County is the best at collecting child support

February 09, 1998|By GUY FLETCHER

County is the best at collecting child support

Efforts by the Washington County Department of Social Services to increase the amount of child support it collects have resulted in the agency registering the highest performance level in the state.

During the last three months of 1997, the county agency collected just under $2 million of the $2.6 million in child support owed.

That worked out to a 77 percent collection rate, according to the agency.

That was the best collection performance in the state, where an average of 57 percent of child support was collected, according to the state Department of Human Resources.


"We are trying to be a model office for the country," said Social Services Director David A. Engle.

Social Services estimates that by the end of the budget year on June 30, its collections will exceed $8 million, a 15 percent increase over last year.

Lockheed Martin IMS, which operates privatized child support programs in two areas of the state, has estimated it increased collections by 10 percent.

"Washington County's performance shows that when given latitude and the appropriate tools, the public sector can get the job done," said Clifford Layman, executive director of the state Child Support Enforcement Administration.

It was not known how Washington County's child support collections compare withnational figures, but the U.S. Census Bureau estimates that only 50 percent of child support cases are paid in full. Some money is paid in 25 percent of the cases, and another 25 percent receive no money, according to the federal agency.

"I think we're pushing the national envelope, really," Engle said.

The county program was authorized two years ago in response to complaints from state employee union officials, who said their workers were hampered by rules that would not apply to a private contractor.

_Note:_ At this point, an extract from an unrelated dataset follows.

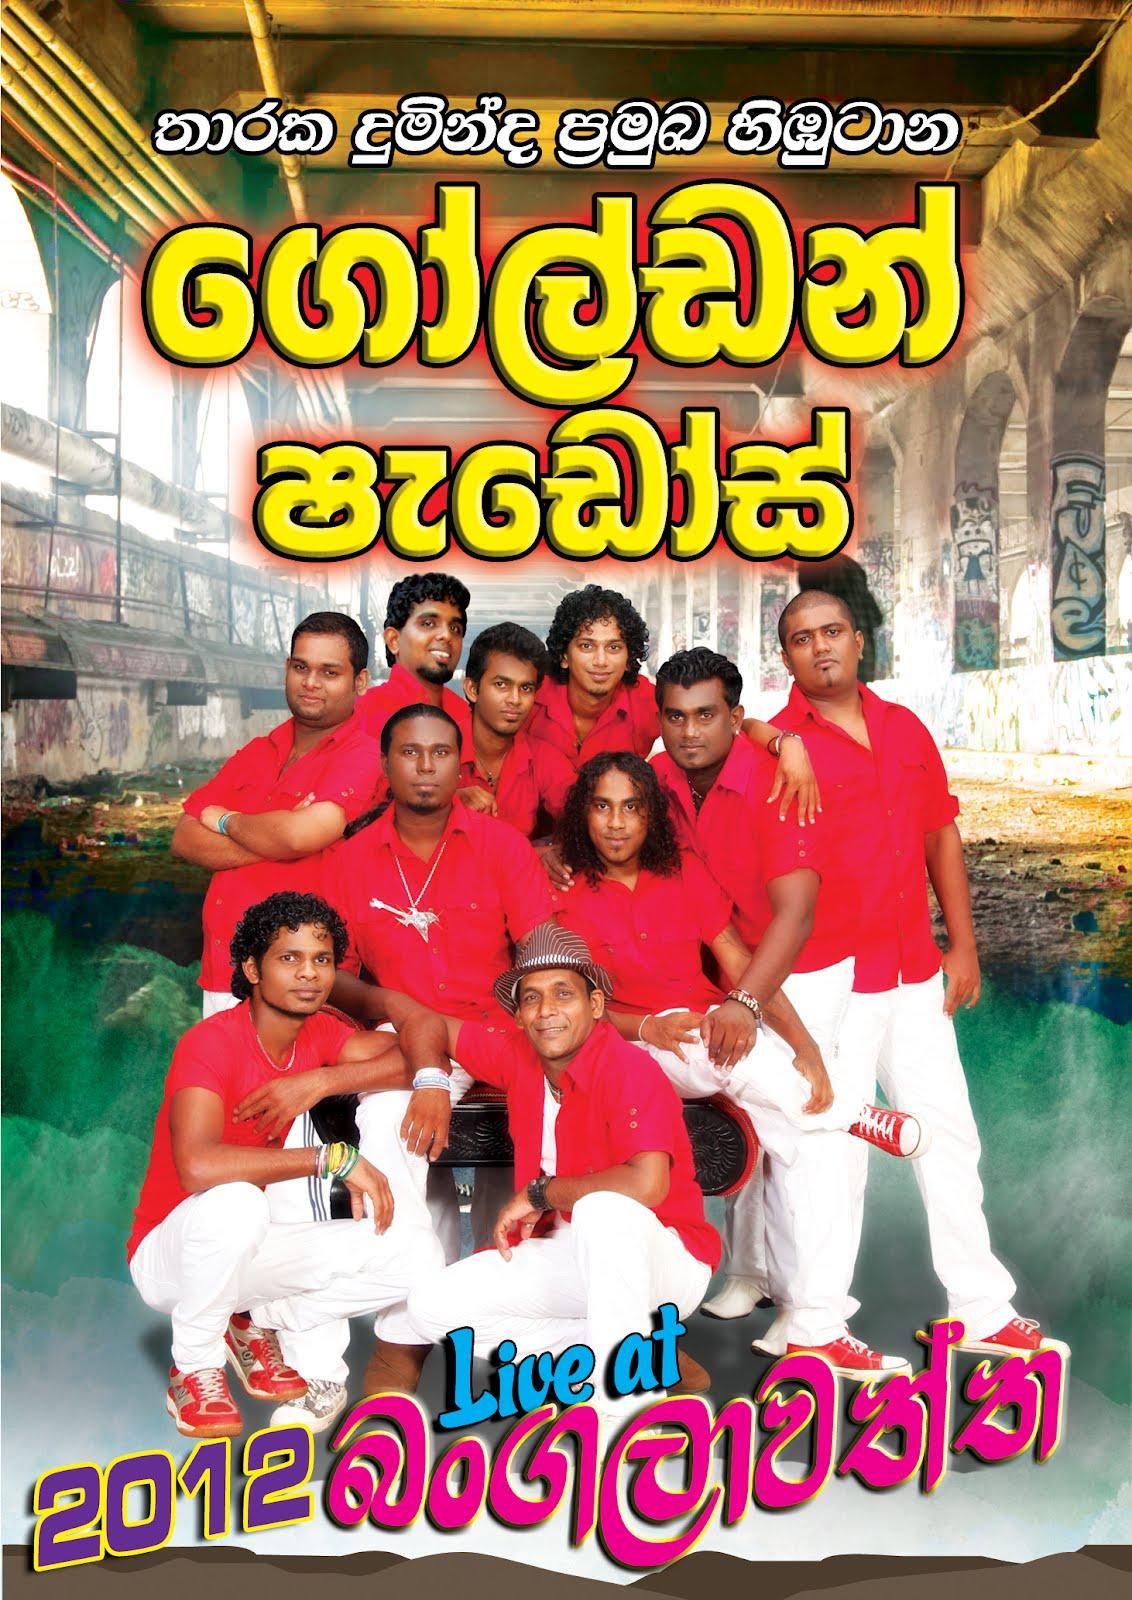 http://4.bp.blogspot.com/-8CpcnSDSZ0w/T9bdcQqCZrI/AAAAAAAADKw/imY1VIJfk5Q/s1600/2012%2BBangalawaththa.jpg

Several changes that were made included setting up a separate lobby for child support cases, streamlining the hiring process, focusing more on customer service and allowing enforcement agents to concentrate on collecting money.

Most of the ideas came in consultation with employees, Engle said.

"The line worker knows what needs to be done for them to be more effective and work more efficiently," he said.

Employees also receive bonuses, as much as 5 percent of their salary if they meet five child support performance goals. But Social Services officials said it was pride more than dollars that inspired the workers.

"I think they take pride in what they do and they take pride in doing it well. And this proves they are doing it well," said R. Christine Hart, assistant director for child support for the county agency.

Child support collections have grown steadily since the program started in November 1996. In December, collections topped the 87 percent mark, something that exceeded even Engle's most optimistic hopes.

"I was astounded," he said.

Better child support benefits taxpayers, who pay less in welfare expenses, as well as the children receiving the support, he said. It also helps the parents who owe the support, he said.

"It helps them have some relationship with their children. It starts out financial, but it turns into a personal relationship with their kids," Engle said.

Lockheed Martin IMS, a subsidiary of the defense contractor, was hired to conduct pilot programs in Baltimore City and Queen Anne's County to see if the state should get out of the business of trying to collect unpaid child support and turn the job over to private industry.

Lockheed has fallen short of its own collection goals. On Friday the company and the county agency are expected to give status updates to a General Assembly committee.